I have to park my boat and trailer inside the fenced in backyard, but pulling it out and backing it in through the slightly inclined side yard has turned it all into a muddy rutted mess. It got so bad that the skinny little trailer tires just dug in this past weekend and I couldn't push it any further than it was even with a 5.3 Silverado in 4Lo.

I park the tires on 1/2" plywood to prevent rot and flat spots, so I thought I'd just rip a few full sheets in half to act as ramps through the mud, or I thought about graveling the whole area with crush run.

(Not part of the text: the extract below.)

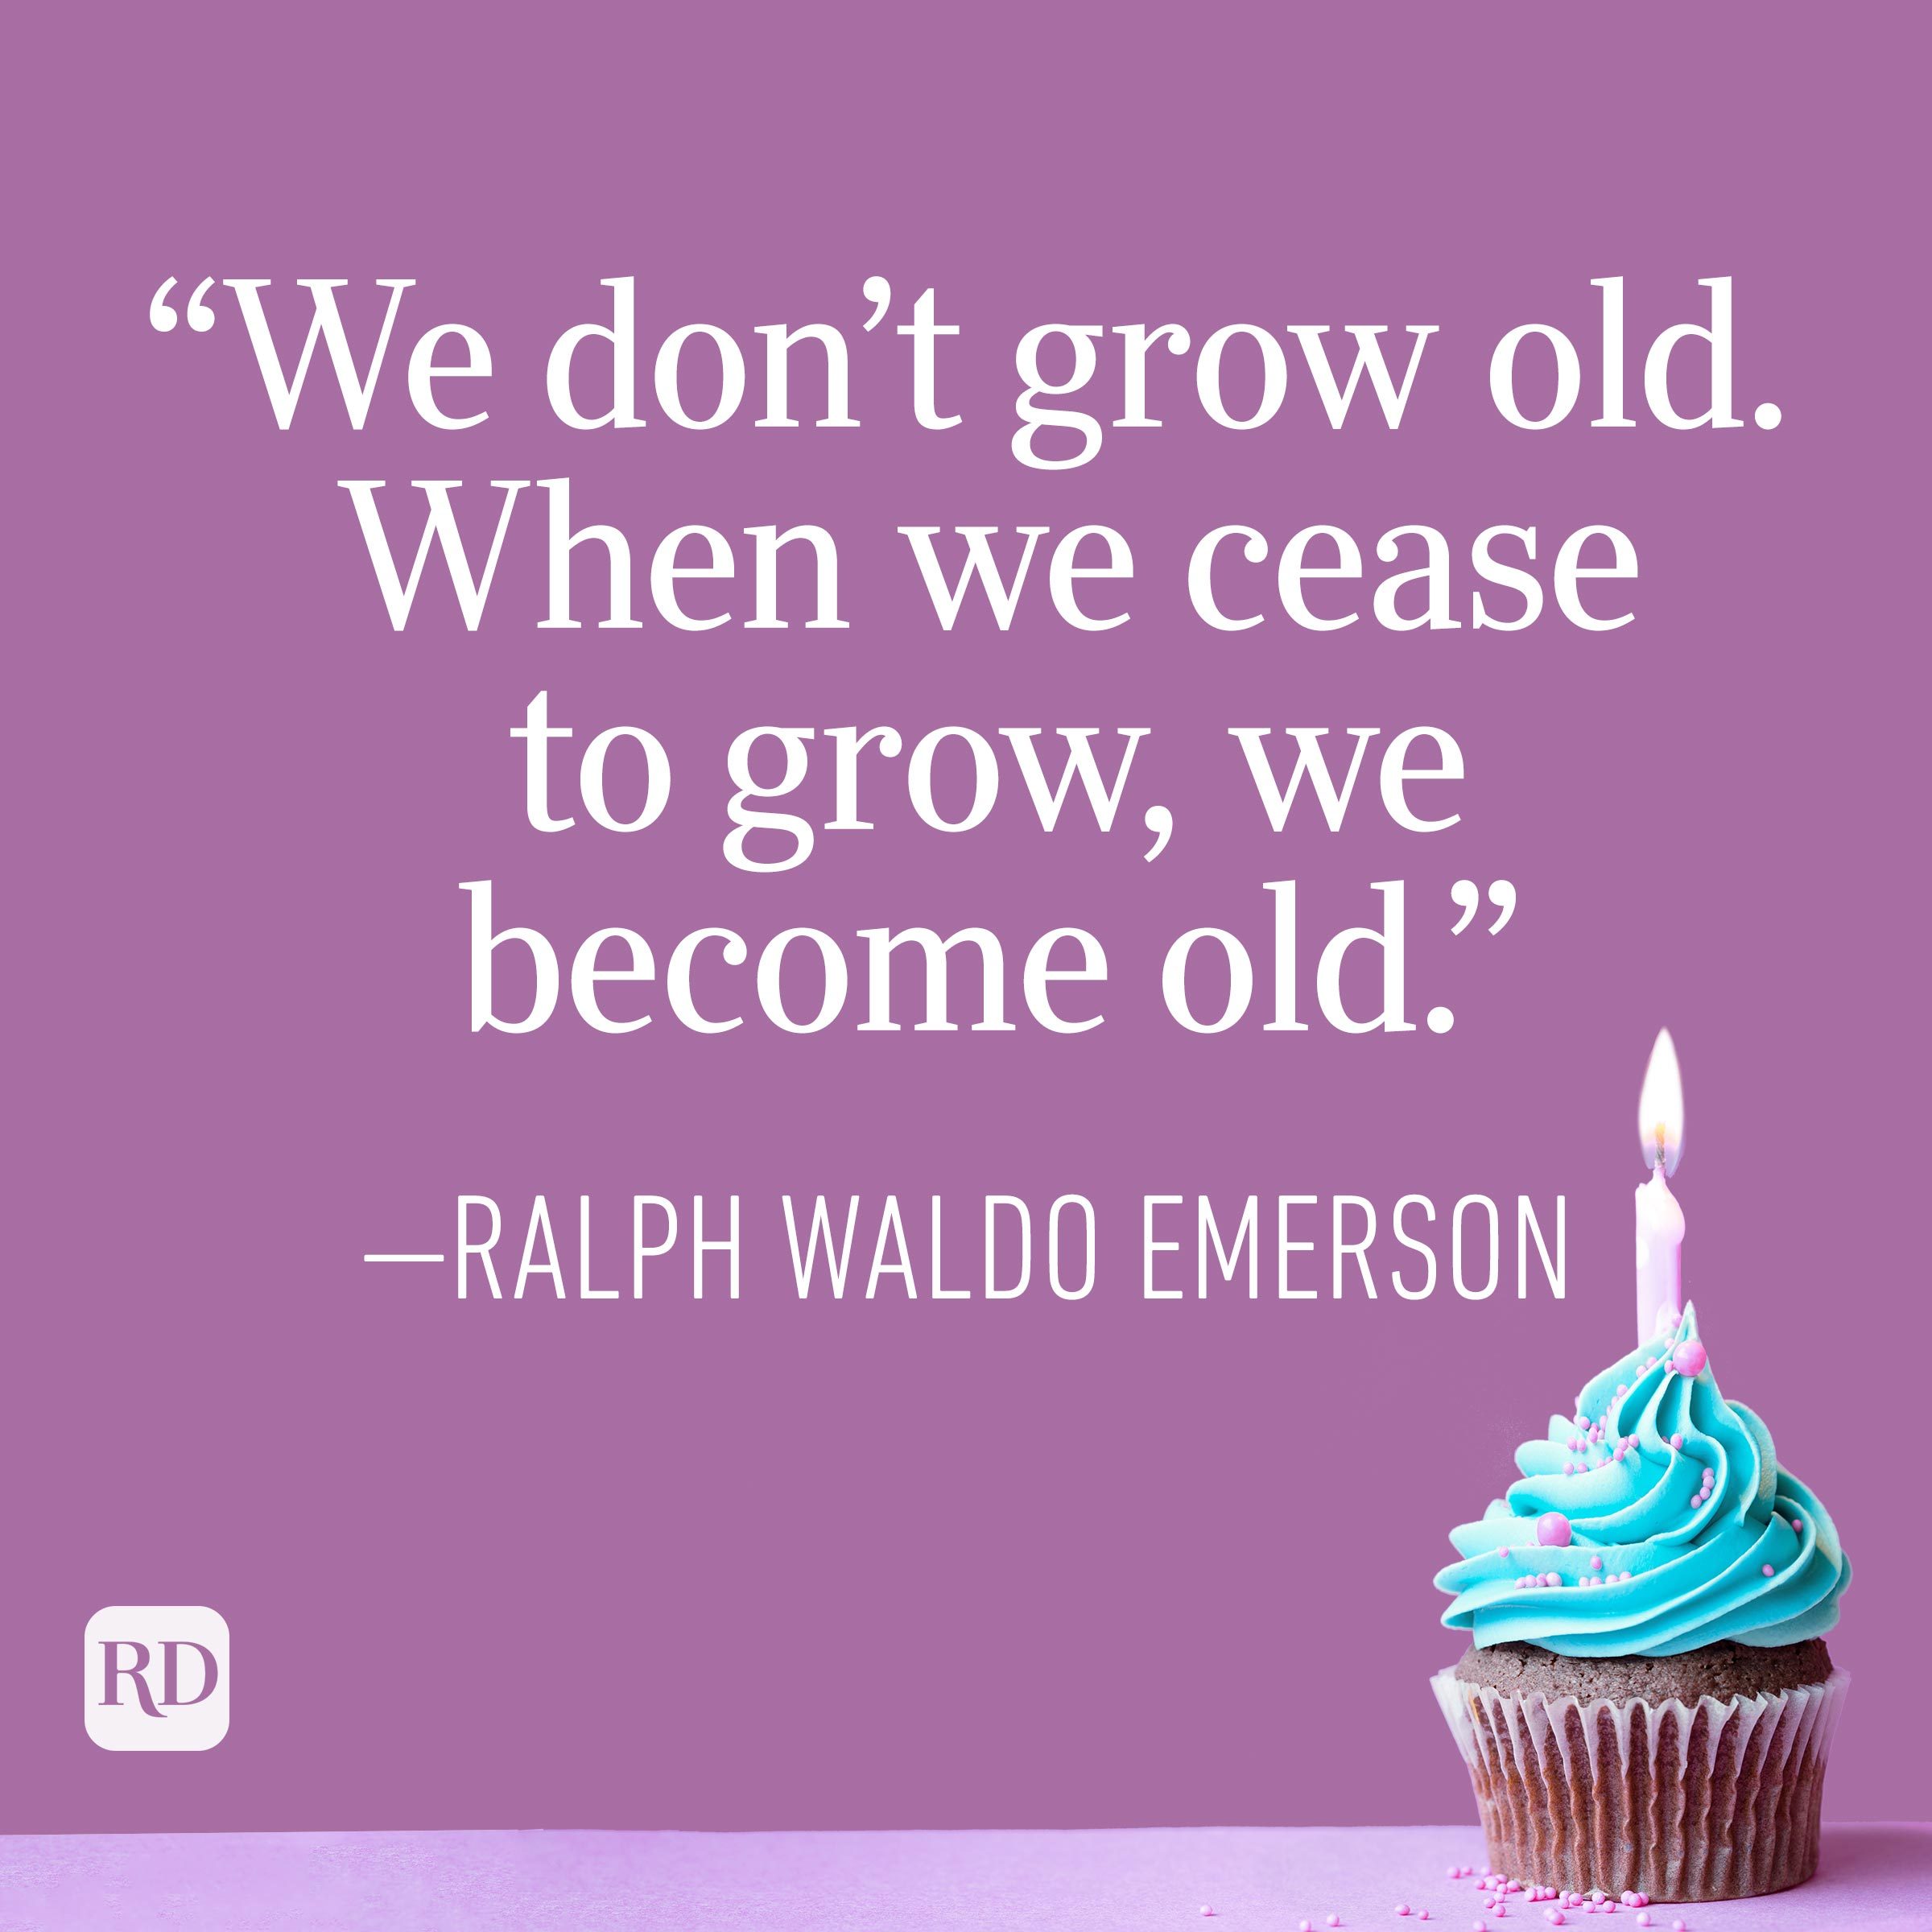 "We don't grow old. When we cease to grow, we become old." —Ralph Waldo Emerson

The wife brought up using patio pavers to make a small road if you will.

Anybody else have this problem or have a good idea for a solution?


----------



## bobberboy (Mar 11, 2015)

I use wood mulch for one of my boat spots.


----------



## lckstckn2smknbrls (Mar 11, 2015)

There's a style of paver maybe 24"x16" with opening so grass can grow through.


----------



## TNtroller (Mar 11, 2015)

With all the precipitation we have gotten YTD (snow, sleet and rain), my side yard is now a muddy mess since I had some drain lines extended last fall and they now run right in front of the shed where my boat stays (in the dry  ). The cold weather has helped in some aspects, I can get the boat out when the ground is frozen early in the morning, but then make ruts in the mud in the afternoon when I try and put the boat up. I almost got stuck in the side yard a couple weeks ago, and wife is not happy with the ruts in the yard. I haven't had my boat out in at least 2 weeks, but I'm getting some things knocked out on the boat now since it has warmed up. 

Mulch will work, but it retains moisture so I would use gravel myself as it does drain/dry faster than mulch. Using pavers for a "road" is a lot of pavers, are you thinking just wide enough for tire tracks so to speak, or a road/drive as you say. Just tire tracks is good, but hard to stay on 'em the entire distance unless it's a straight shot to the back yard. GL


----------



## brittonp83 (Mar 11, 2015)

I like the idea of the open pavers. TN it's a short straight shot for me. 48' of tire tracks only shouldn't be too bad. I've got the wheels turning in my head.


----------



## TNtroller (Mar 12, 2015)

I've used the 12"x12" pavers to build a parking spot for my MC trailer yrs ago, keeps the mud and such at bay, easy to do and not very expensive either.


----------



## bcbouy (Mar 12, 2015)

lay down 2 strips of geo grid and cover with gravel.


----------



## brittonp83 (Mar 13, 2015)

I had to google geo grid because I had no idea what it was. I assume it keeps the gravel from sinking into the mud? So it would need to be of a pattern that is smaller than the gravel size correct?


----------



## Insanity (Mar 13, 2015)

I'd be to lazy to work the mud back down level to lay the pavers. And im thinking that many would cost more then gravel.


----------



## Riverdog (Mar 13, 2015)

I use treated 2X12 boards to park mine on. To pull it out of the back yard, I use my riding lawn mower.


----------